## RECORDED INFORMATION

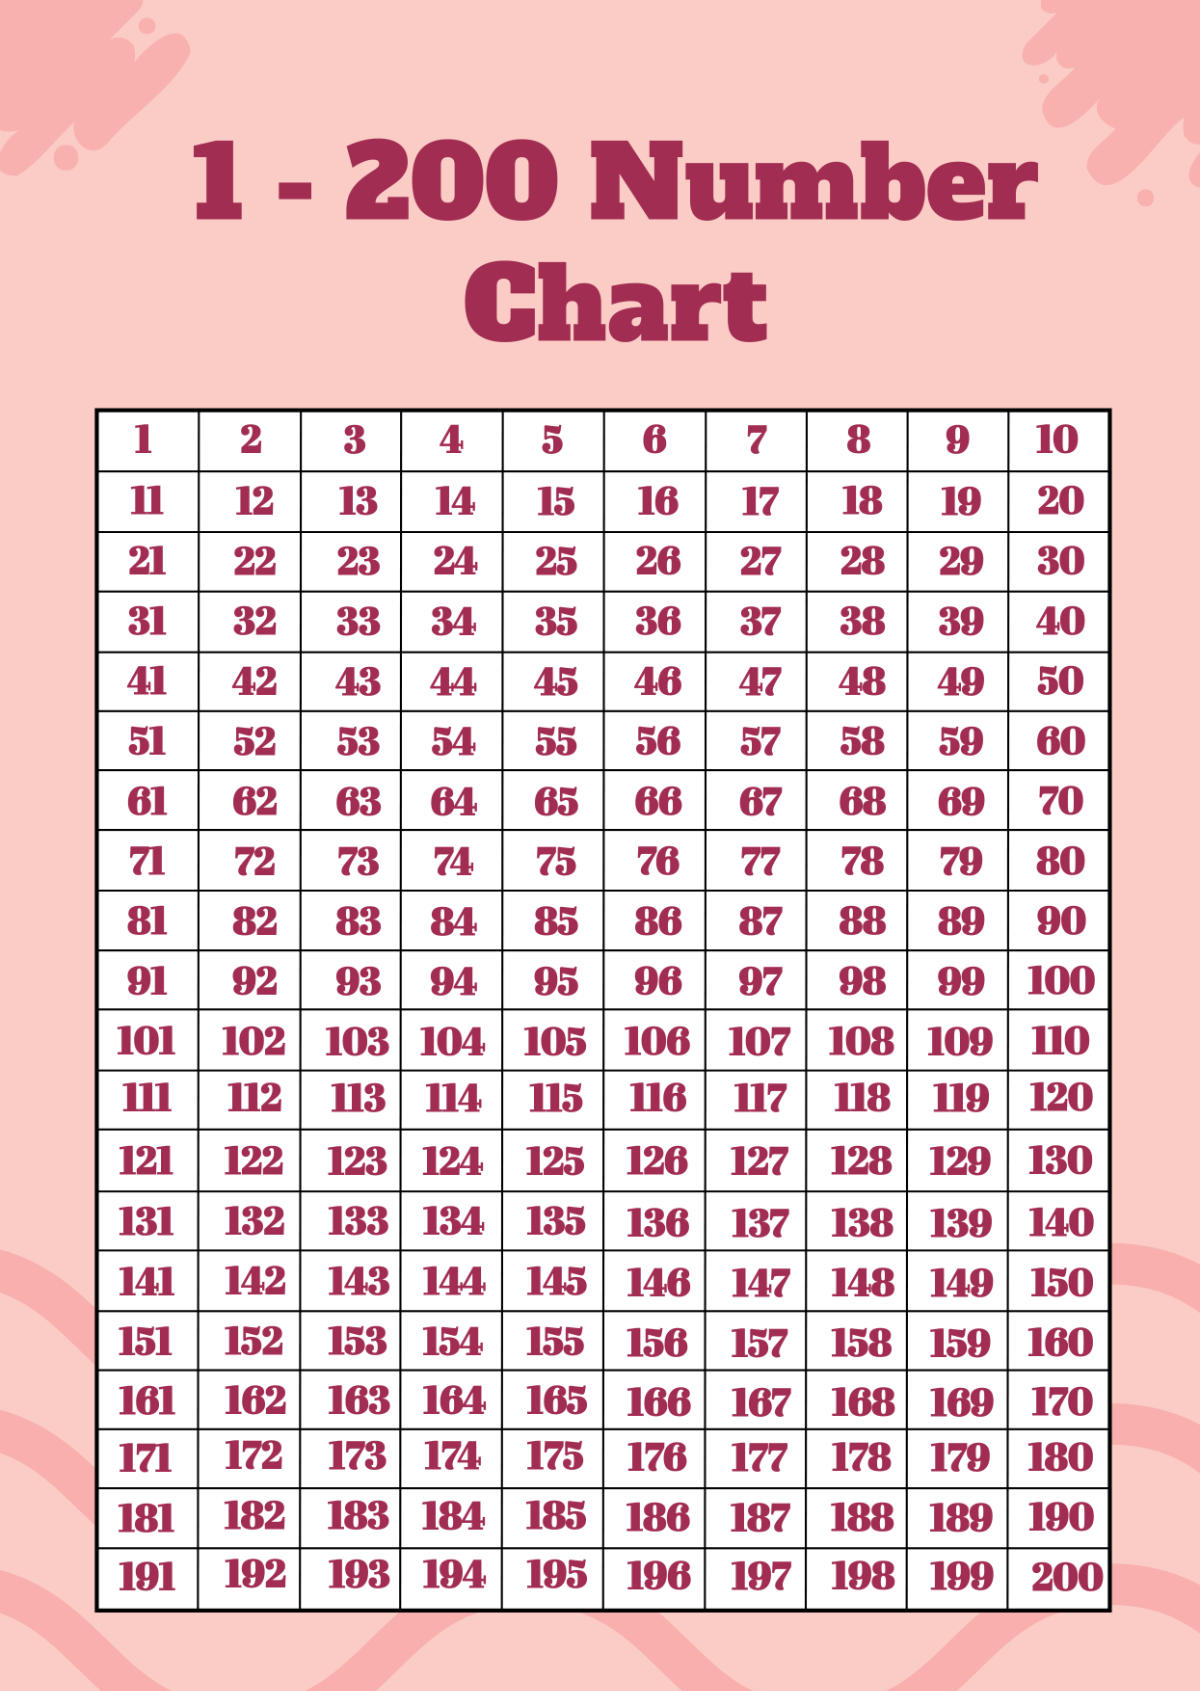 1 - 200 Number Chart
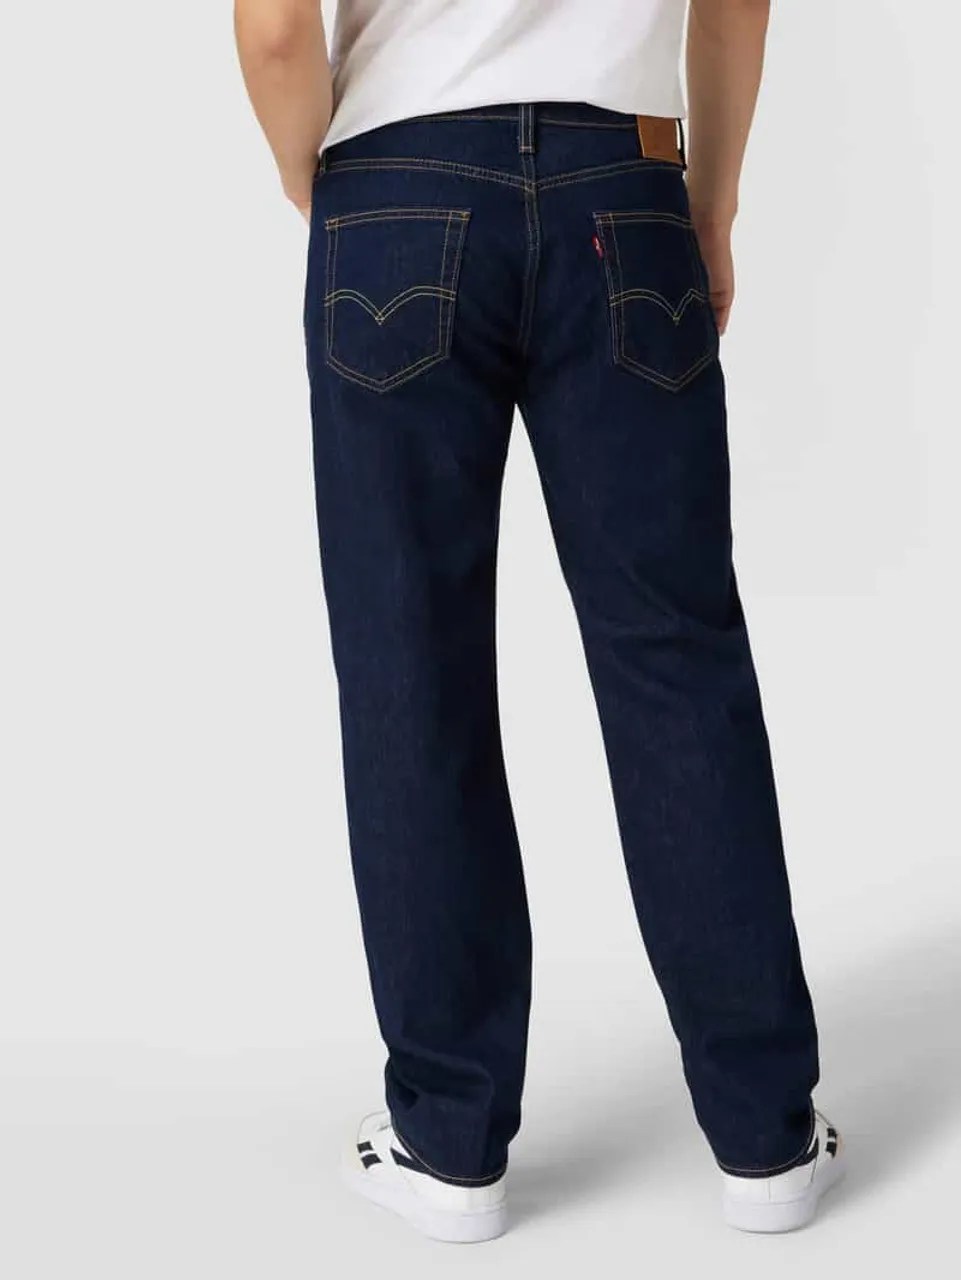 Levi's® Regular Fit Jeans mit Stretch-Anteil Modell Modell "514 CHAIN RISE" in Jeansblau
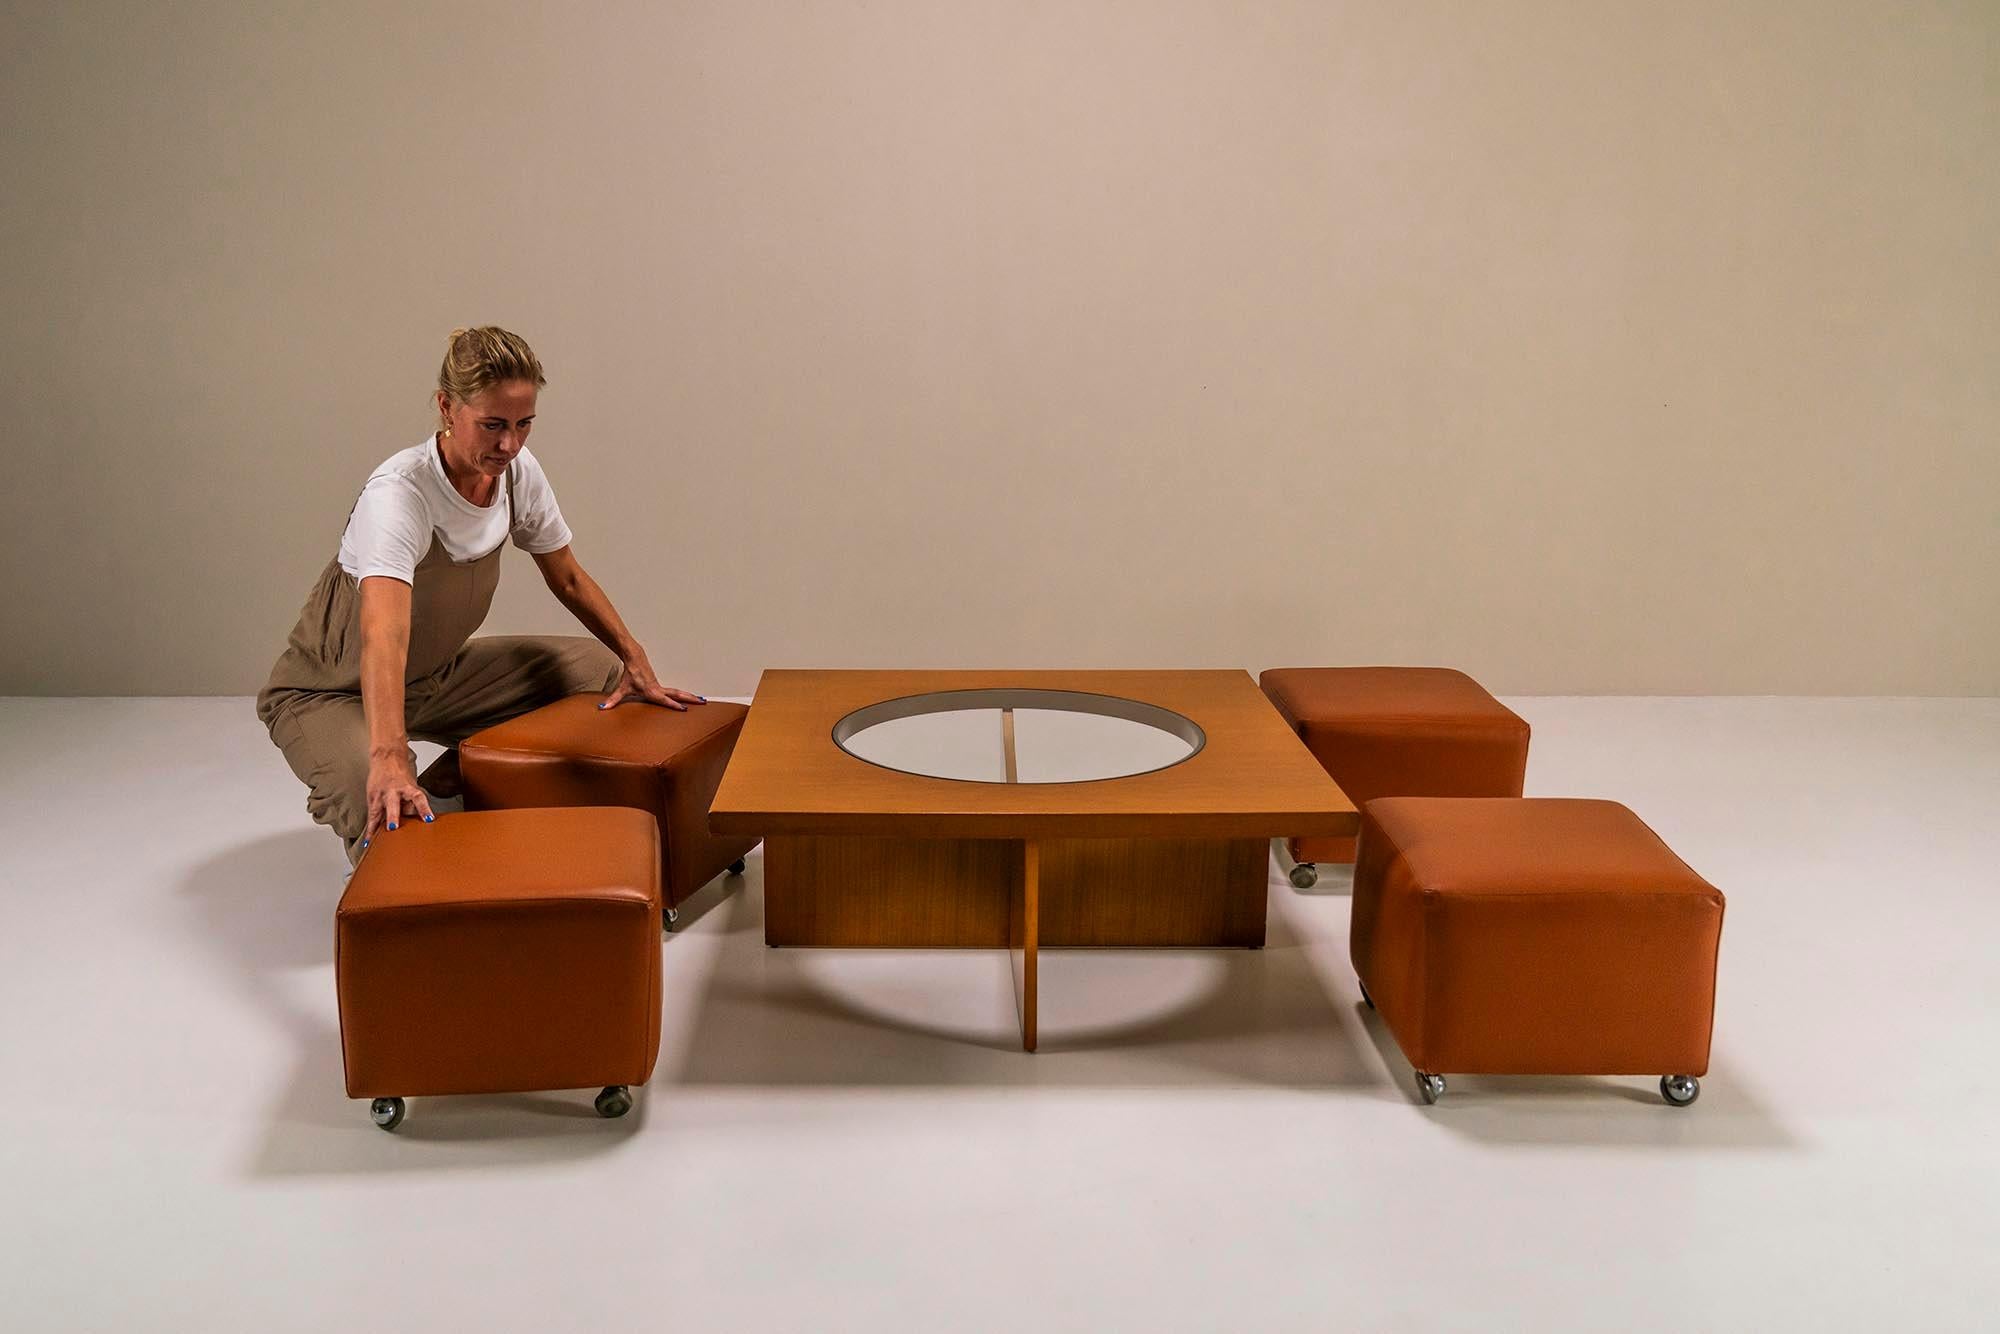 Mid-Century Modern Coffee Table In Cherry Wood With Four Faux Mobile Poufs, Italy 1970's For Sale

## ASSIGNMENT
Everything in the listing above must be retyped exactly, except for the pictures.

## COMPLETED EXERCISE
 1 - 200 Number Chart
 Levi's® Regular Fit Jeans mit Stretch-Anteil Modell Modell "514 CHAIN RISE" in Jeansblau
 Mid-Century Modern Coffee Table In Cherry Wood With Four Faux Mobile Poufs, Italy 1970's For Sale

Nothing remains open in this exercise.